画面の左から右に向かって、プログラムの経過時間とともに関数の実行時間が可視化されています。

function2 の下部にある小さい四角が集まっている部分は computation の情報です。小刻みに何度も呼ばれているためこのようになっています。

computation は呼び出し 1 回あたりの実行時間は少ないのですが、何度も呼ばれているため、結果的に一番負荷がかかっています。このように処理時間を合算したときの結果を確認したいときは Left Heavy という表示モードに切り替えてみると分かりやすいです。

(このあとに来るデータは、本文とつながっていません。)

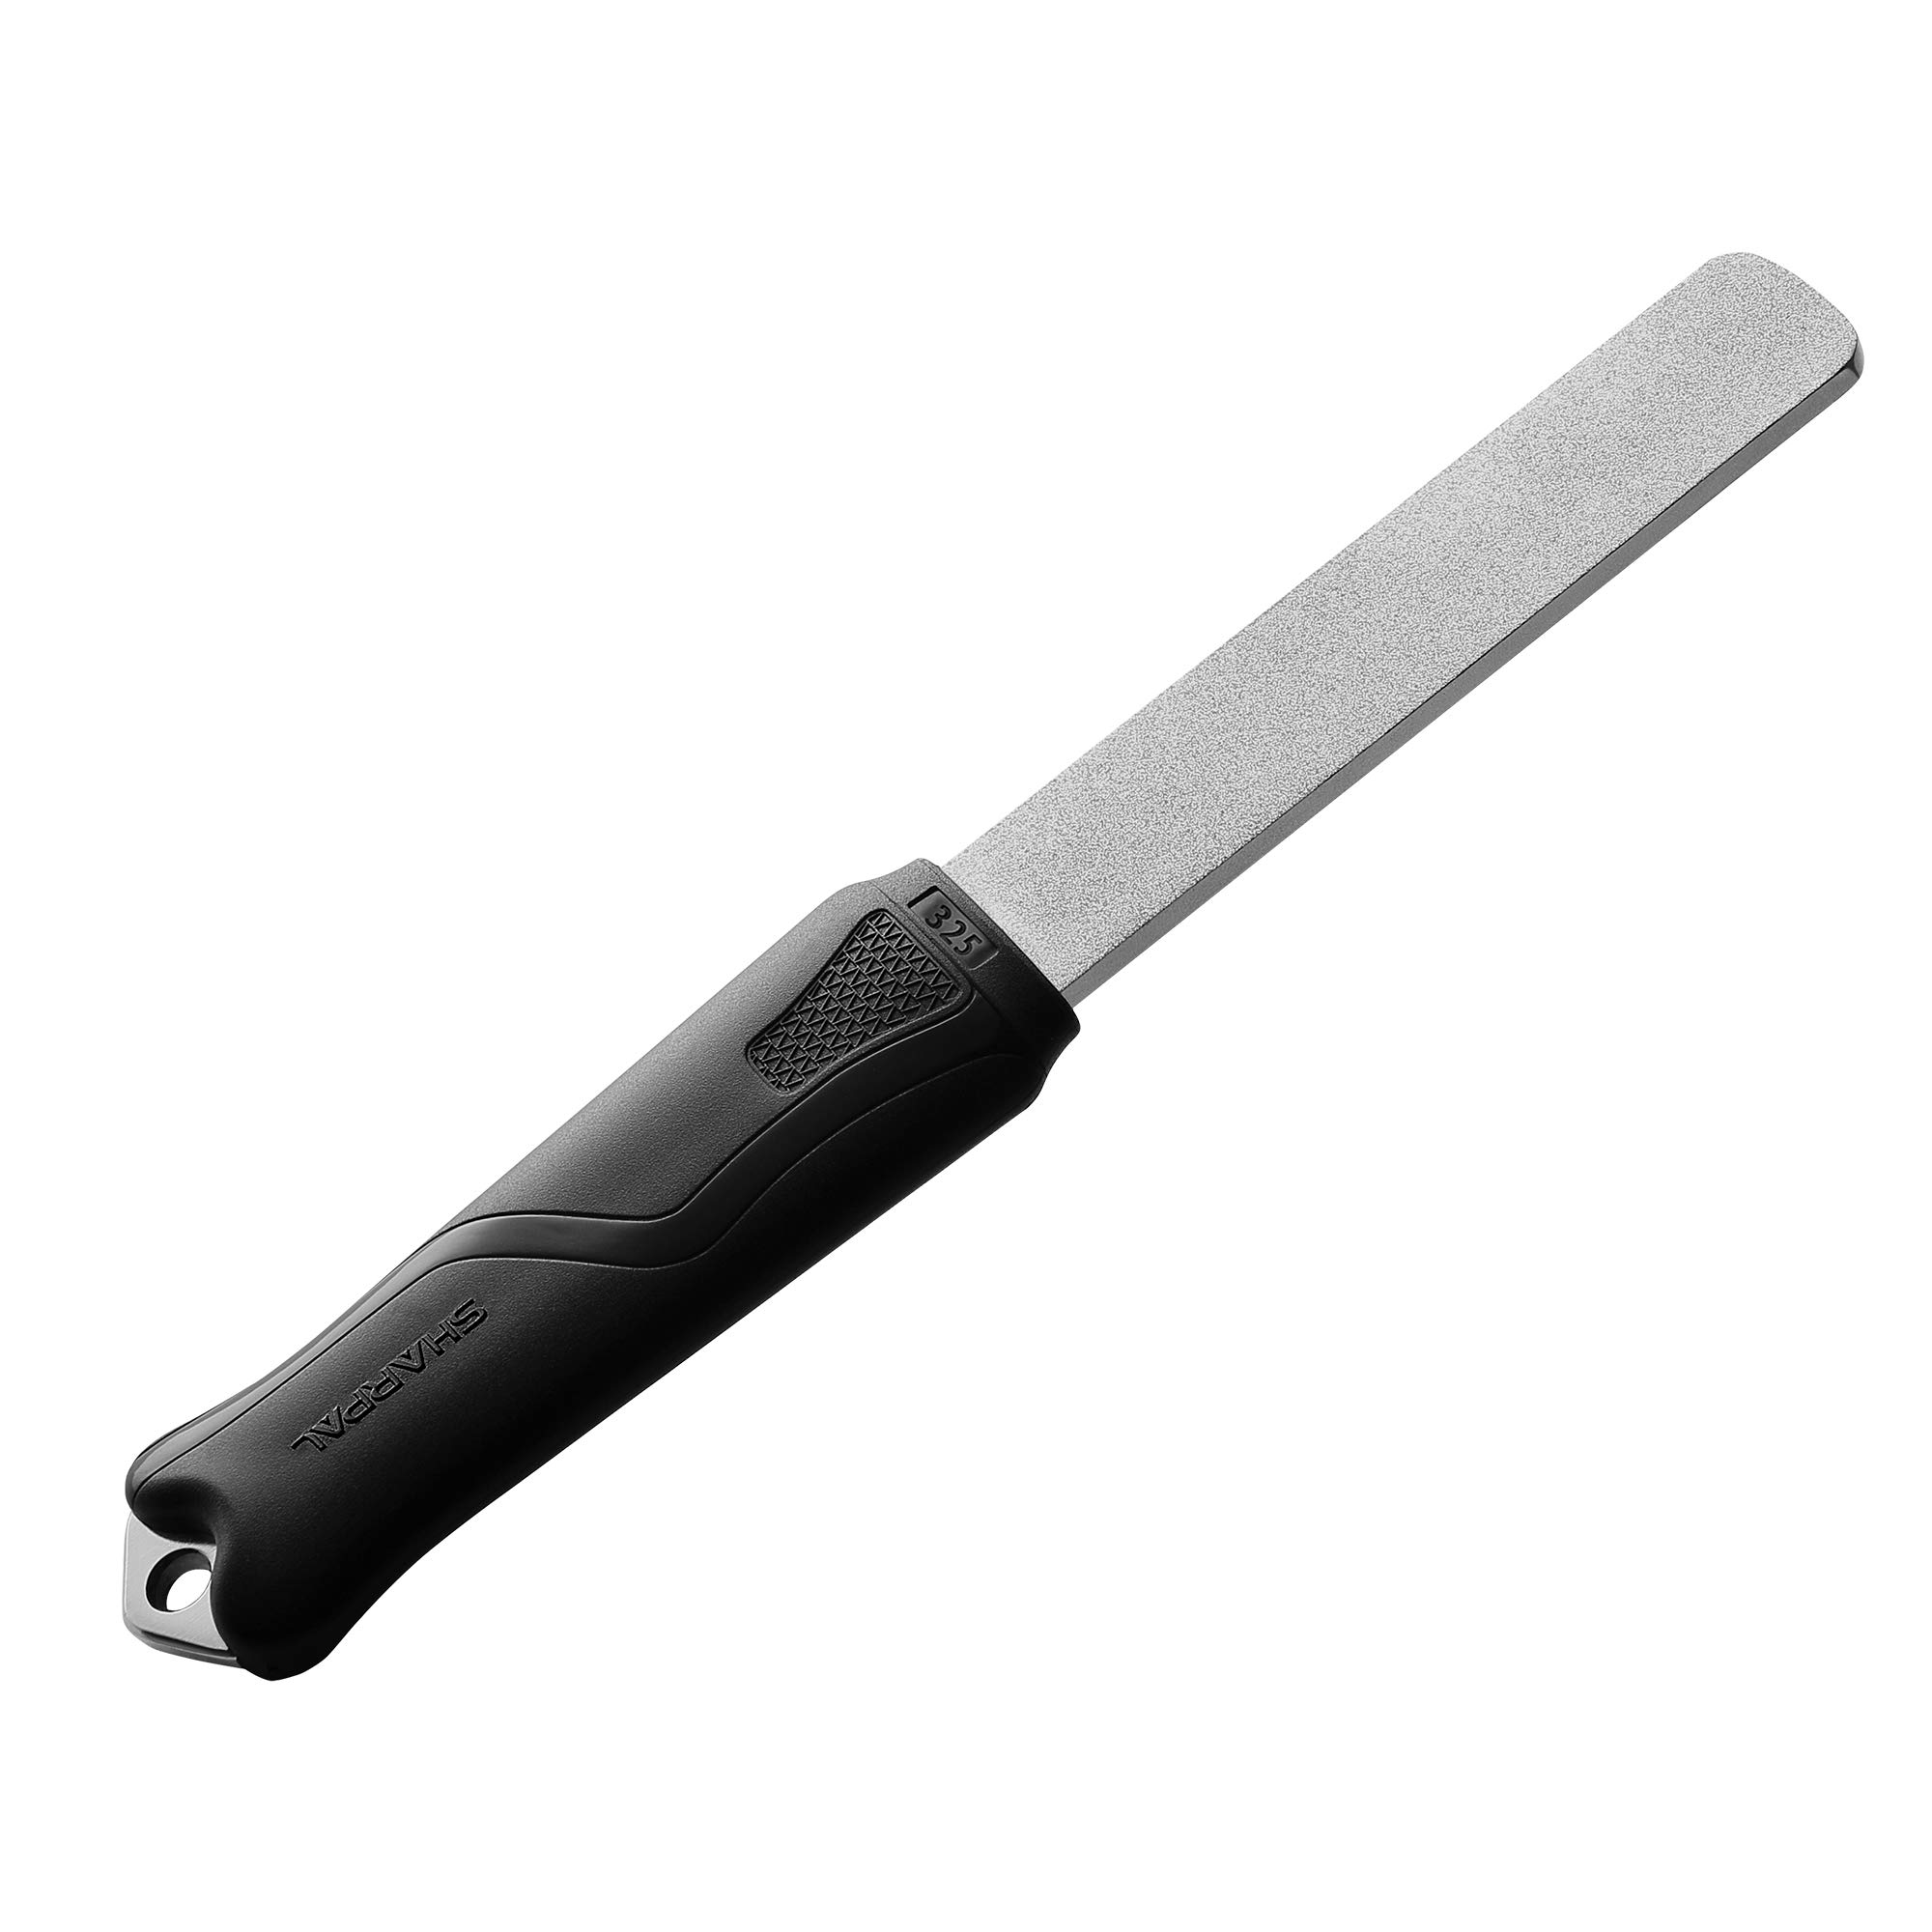 Sharpal 121N Dual-Grit Diamond Sharpening Stone File Tool Sharpener For Sharpening Knife, Axe, Hatchet, Lawn Mower Blade, Garden
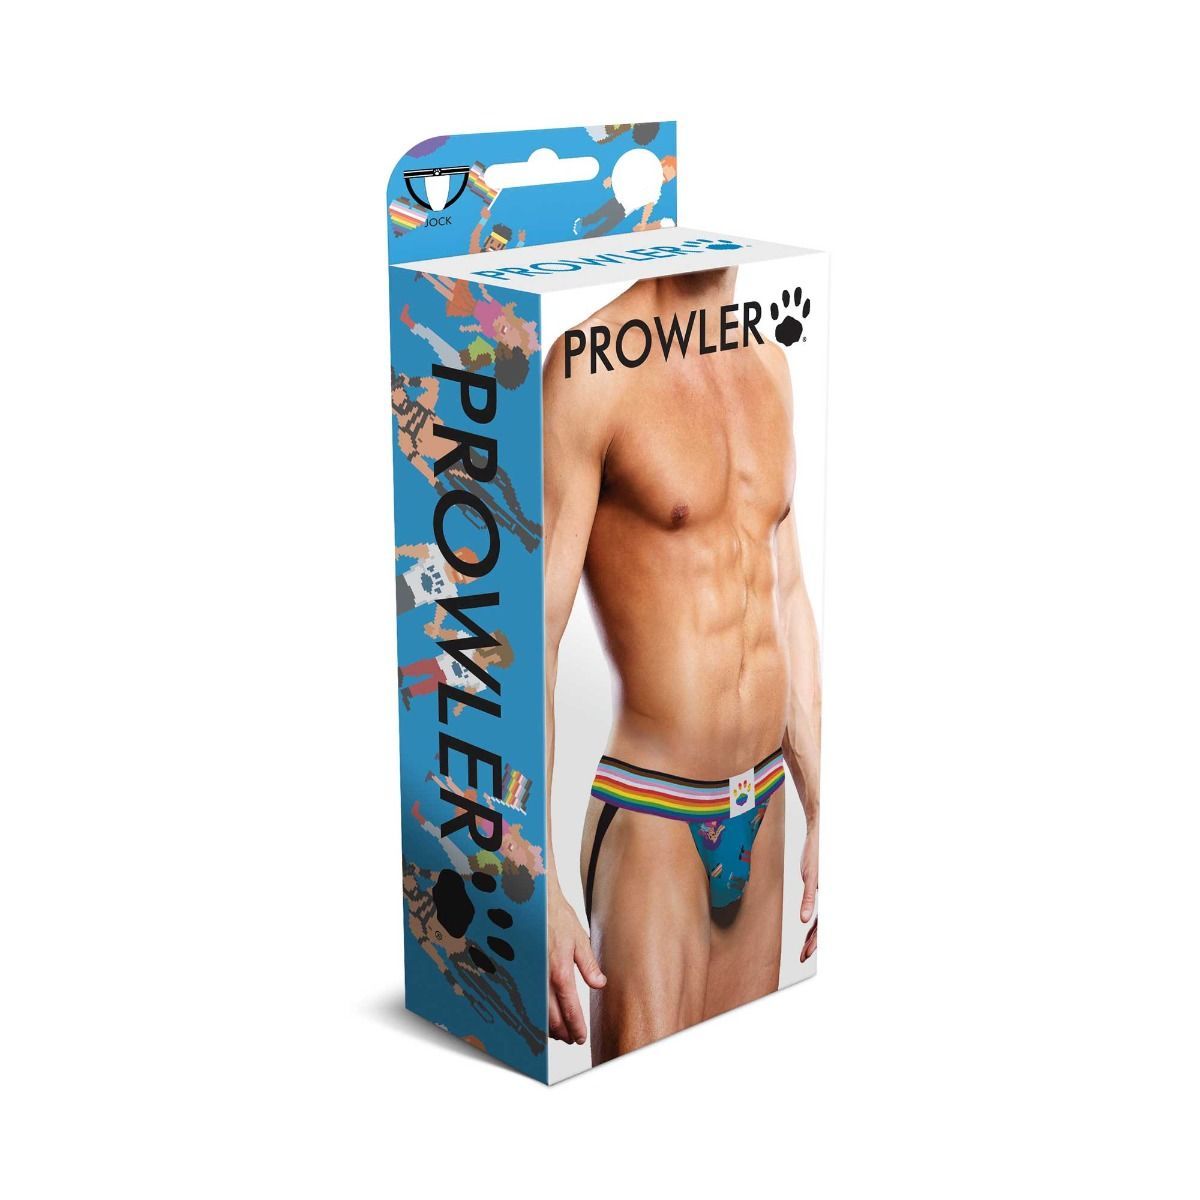 Prowler Pixel Art Gay Pride Collection Jock - One Stop Adult Shop

画面の左上に表示モードを切り替えるタブがあるので Left Heavy を選択します。

Left Heavy

スクリーンショット 2020-12-04 12.05.14

さらに Sandwitch モードにするとコールスタックの確認ができます。

Sandwitch

スクリーンショット 2020-12-04 12.09.54

遅い原因が分かった時に出来ること

遅い原因が分かった時にどのようなアプローチを取ればよいかは別途考える必要があります。プログラムの最適化に関する話は別の機会があれば話してみたいですが、本記事では遅くなる原因としてよく見る問題と対策を 1 つだけ紹介しておきます。

正規表現

正規表現による文字列処理は結構遅いです。私が今回改善したプログラムも正規表現を使っていてることが遅くなっている原因の 1 つでした。改善の仕方としては

・簡単な文字列処理では正規表現を使用しない
.* を使わない
・re.compile でコンパイルしておく

などがあります。str.startswith や str.replace などの関数を使えばわざわざ正規表現を使わなくても解決できることはあります。

例えば文字列 s が "Hello" で始まるかどうかを確認したいときに

if re.search(r"^Hello.*", s):
   ...

のように正規表現を使うよりは

if s.startswith("Hello"):
   ...

と書いたほうが効率が良いです。

まとめ

以上プロファイリングを行うための 4 つのツールを紹介しました。

・とりあえずプロファイリングをしてみたいなら cProfile + SnakeViz
・リアルタイムに計測したいなら py-spy + speedscope
・正規表現は結構遅いということを知っておく

ボトルネックを特定してプログラムがどんどん速くなるのは楽しいので皆さんもぜひプロファイリングに挑戦してみて下さい。